The equivalence of target += dist_lupdf(var|...) and var ~ dist(...) I trust you are familiar with.If your general idea holds true in a different or a broader context, I very much appreciate your thoughts.

z_pos and z_neg still need to be drawn from uniform half-line distributions, the likelihood function depending on the z parameters and x data notwithstanding.

Wouldn’t your statement apply as well to the original version using z ~ multi_normal_cholesky(beta_x, L_Omega) ?

Do you mean to say that both the original and my version imply a uniform prior on z_pos and z_neg or is it that z ~ multi_normal... is not equivalent to target += ...? If the latter is the case, can you elaborate why you suppose that is?

z, the tranformed parameter, would be constrained, but z_pos and z_neg would still be drawn from a uniform half-line (i.e. improper prior) and, together, have the same number of elements as z.

I do not think this is accurate. If a distribution is imposed on a transformed or constrained parameter (as it is for z), then I see no reason why the original/unconstrained parameter would not be sampled from the same distribution subject to the Jacobian adjustment (computed via autodiff). If it really were implemented such that a uniform prior would be assumed for any transformed parameter that a distribution is imposed on directly, then surely the docs for a change of variable would mention this.
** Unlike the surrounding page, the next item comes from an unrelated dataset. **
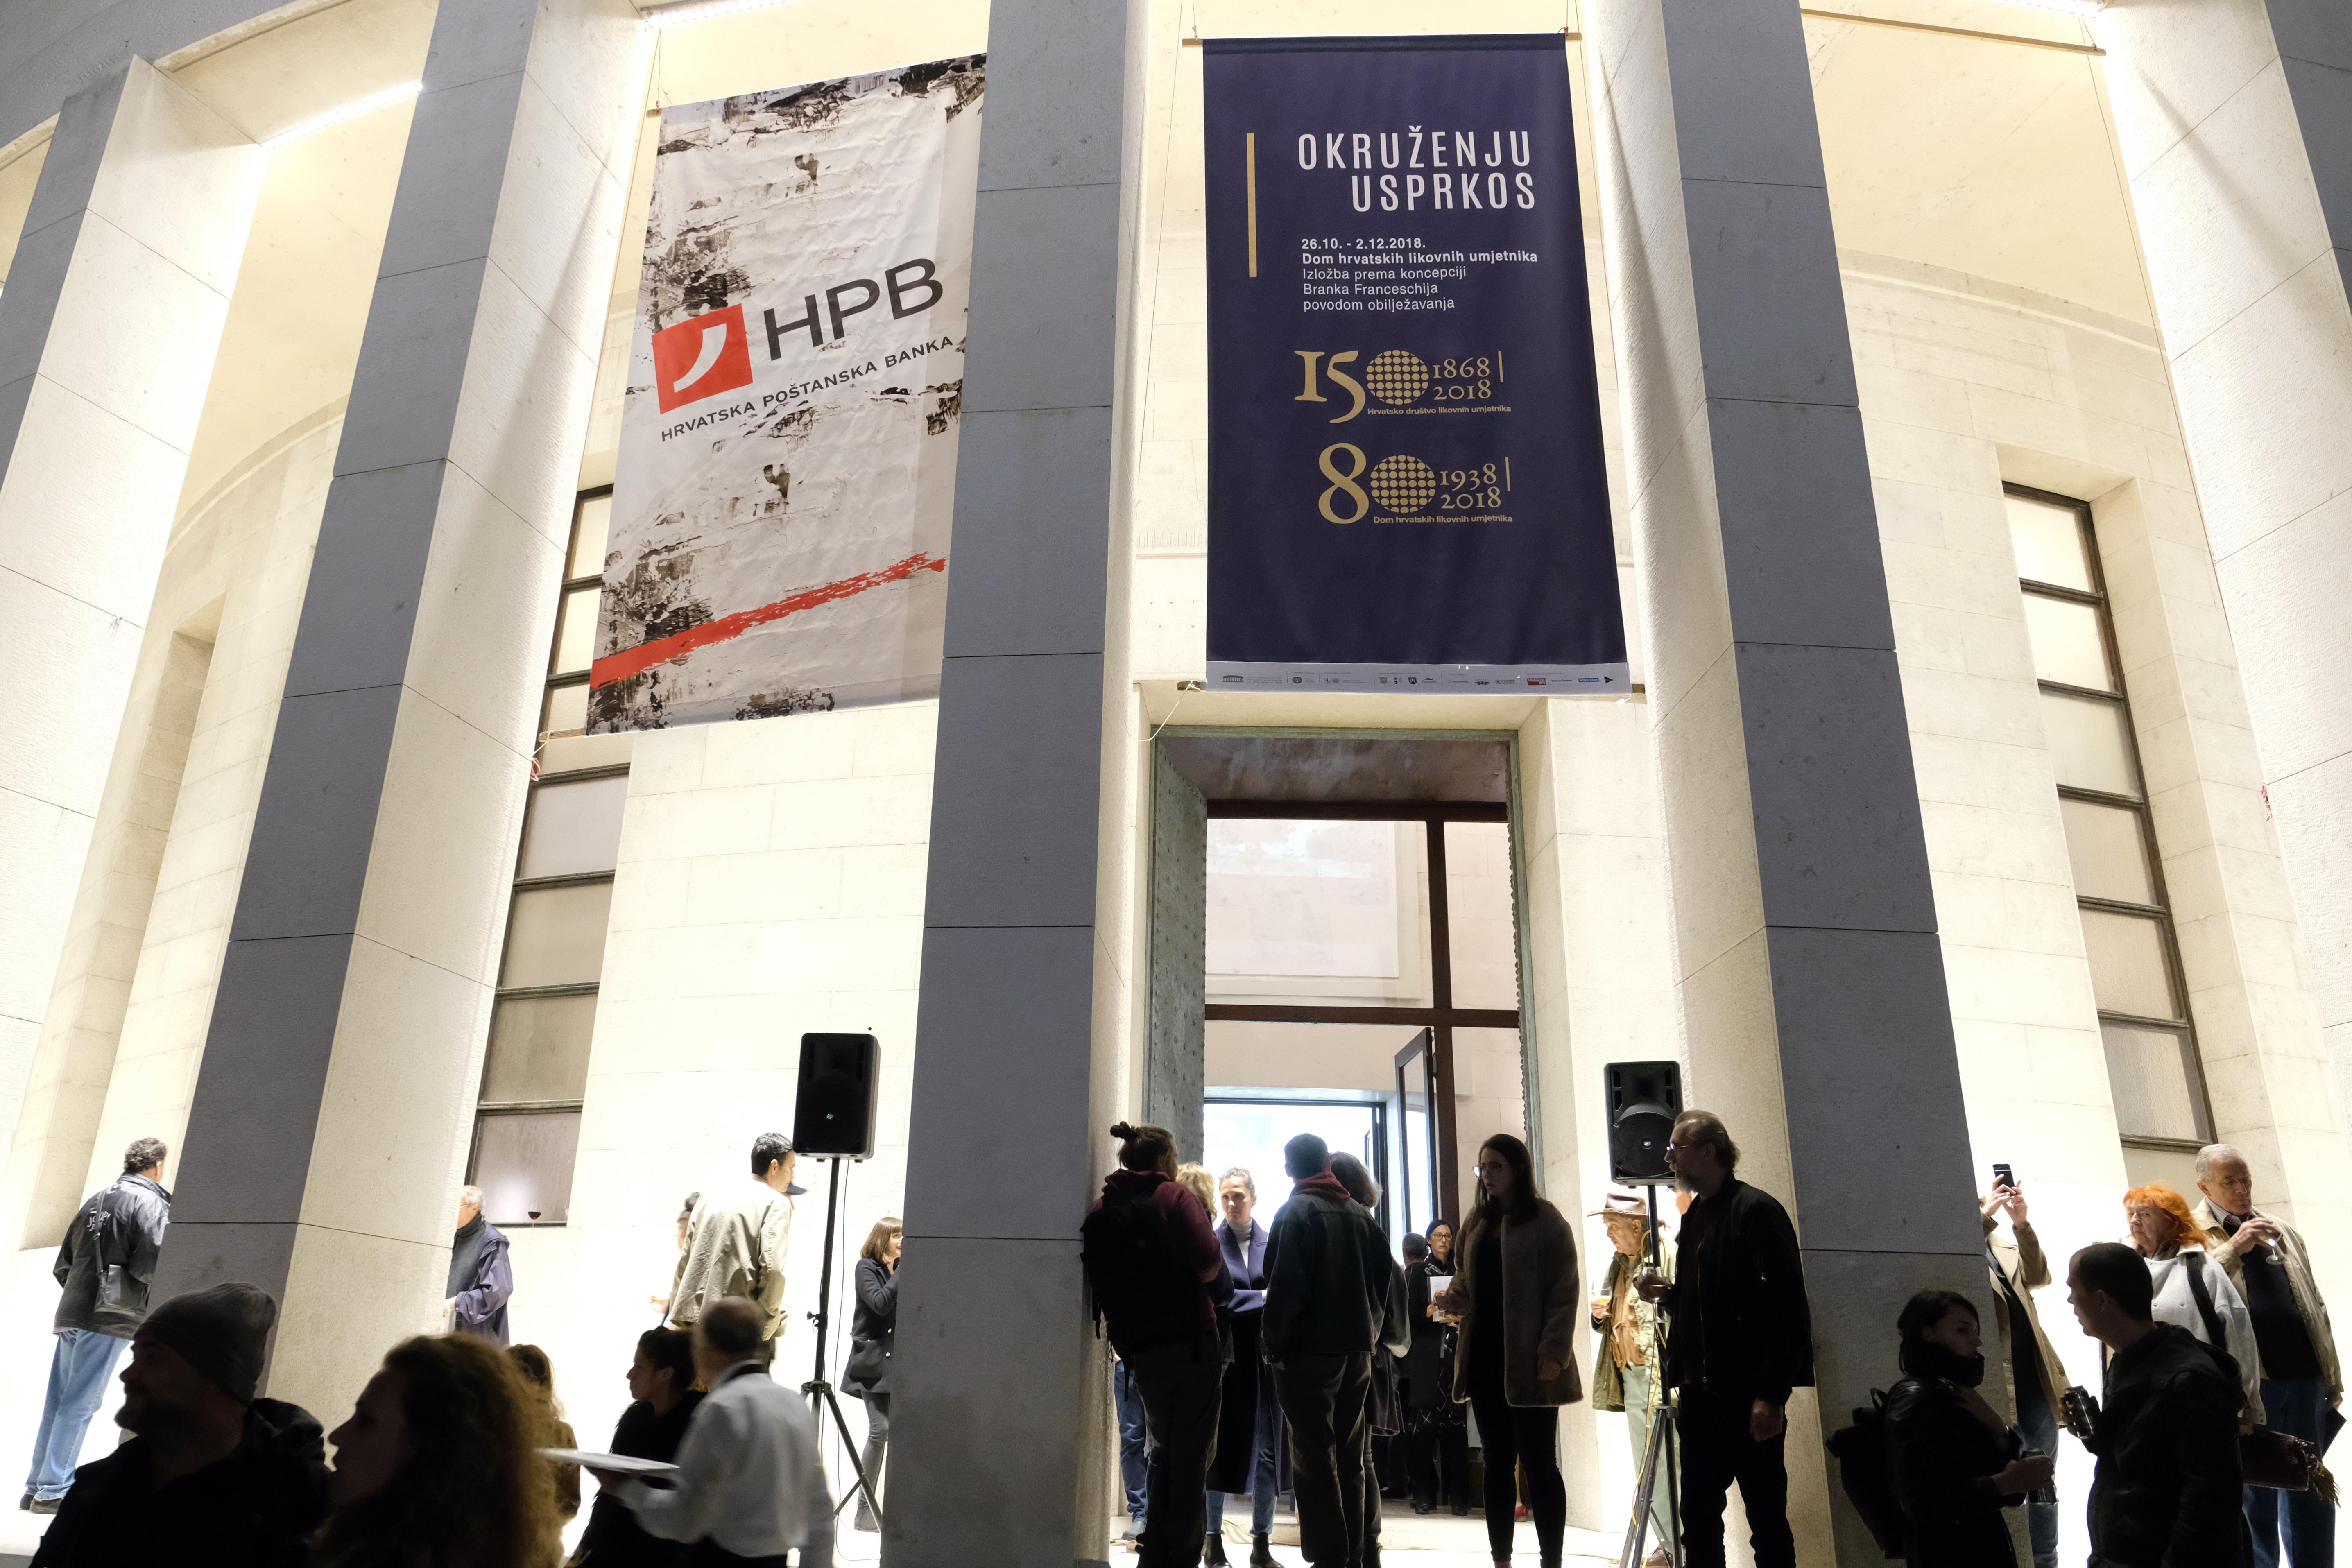 """150 godina HDLU-a: Otvorena izložba """"Okruženju usprkos"""""""

I’m happy to change my mind about this if you can provide a reference to the docs or the backend implementation.

I do agree that if no distribution is given for a parameter, then a uniform prior is the default (although I’d also appreciate a reference to the docs), but I assume that you would not want to extend your statement to a structure as the below, which in essence captures what happens in the model.

parameters{
  real x;
}
transformed parameters{
  real y = x;
}
model{
  y ~ normal();
}

There is no sensible reason why the Stan devs would not use the distribution induced on x via the one imposed on y to sample x.

@ssp3nc3r Sorry for the rewrite, but as in my previous 4 replies, the questions were more of a Socratic nature, as I did not mean to be upfront about this.

In this example, x is y, which is given an incomplete normal prior (did you mean std_normal()). These are easy questions to test. Just run the code and graph x to confirm.

I’m not an expert on the Stan backend, and I do not know the answer to your question. However, theoretically, a likelihood imposes some constraint on the draws from a distribution, but the priors to that likelihood can still be unbounded uniform distributions, which is still an improper prior, regardless of the data-driven portion of the model. Unless there is some serious issue with your code that I have not found, I do not see why reduce_sum would not be working here, but I do suspect that the many unparallelized operations in your code are eclipsing it. Unfortunately, there is no deeper documentation for me to refer to and I defer to the Stan devs at this point. Perhaps they can see something that I can’t.